I didn't have a lot of time this week to check it more clearly but I was wondering about the current implementation of MAPQ as // MAPQ = 40(1−s2/s1) ·min{1,|M|/10} · log s1 in the get_MAPQ function.

Where did this definition arise? As I understand it we would want to put our best guess for the probability that the alignment is wrong in the MAPQ score. So here we take 1 minus the ratio of best to second-best alignment and scale that to 40, i.e. if the alignments are equally good then we end up with MAPQ 0. Since 0*.
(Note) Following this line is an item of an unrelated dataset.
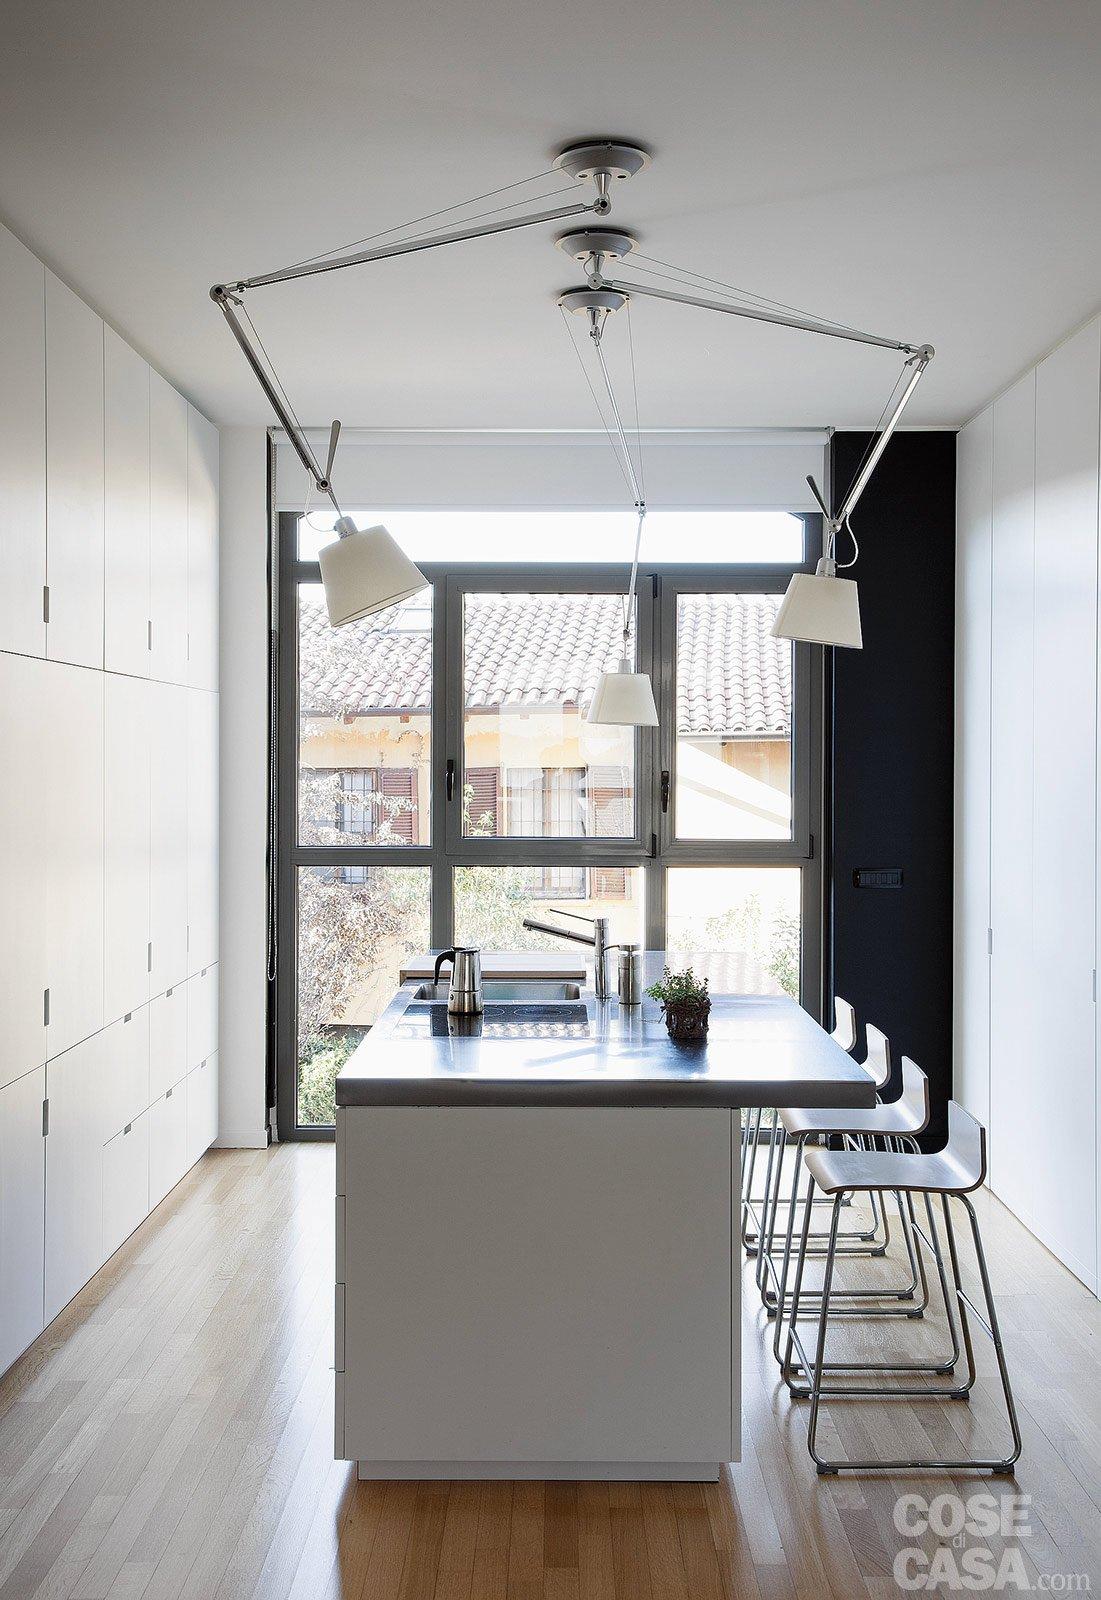 60 50 mq una casa con elementi a scomparsa cose di casa - Cucine sospese da terra ...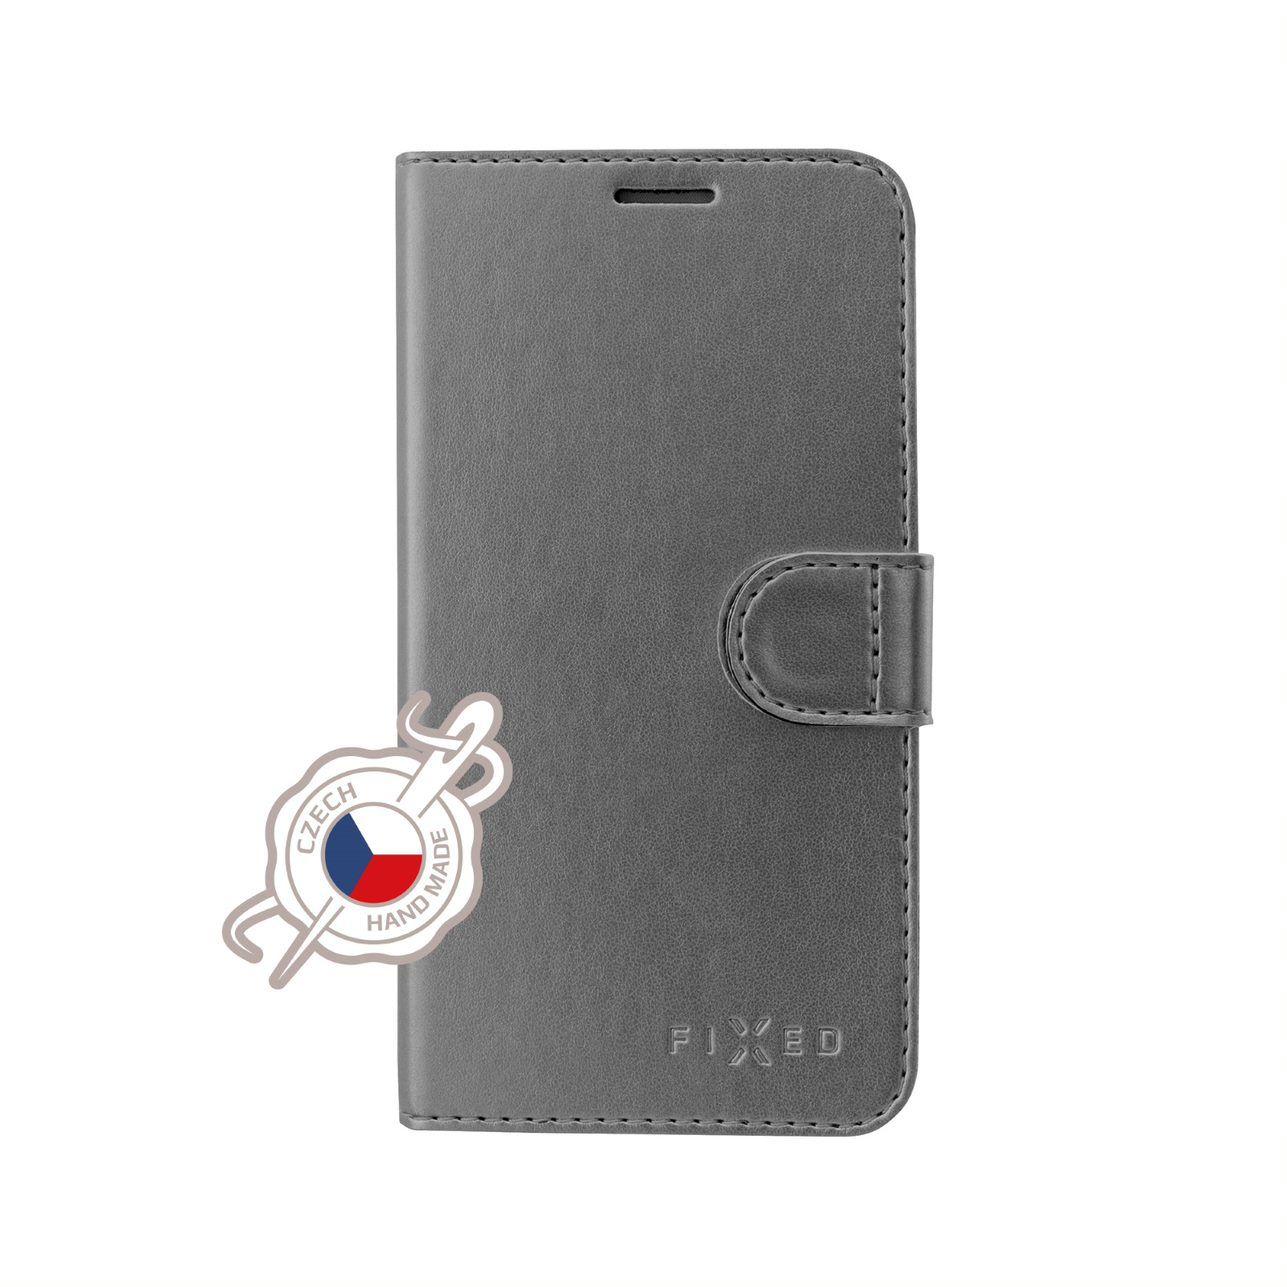 FIXED FIT SHINE flipové pouzdro pro Xiaomi Redmi Note 7/7 Pro, antracitové

Now here is a fun question, if I have exactly two alignments and they are equally good and not discarded because of bad alignment score, would I assume the probability of a given alignment being wrong as 1, implying a MAPQ of 0, or would I assume the probability is 1/<#equally good alignments> and in this case 0.5 with a resulting MAPQ of around 3?

It seems like there is a bit of an issue with this, in the sense that there are no 'correct' MAPQ scores we can benchmark against, since that really depends on the algorithm and our choices.

For reference: -10*log10(c(0.0001,0.5,0.9999,1.0)) 40 3.01029 0.00043 0

PaulPyl avatar Sep 22 '22 09:09 PaulPyl

Not at a computer so excuse my brevity and guessing.

First, our formula is from minimap2 I believe (see paper) if my memory is correct. If not, it’s from BWA.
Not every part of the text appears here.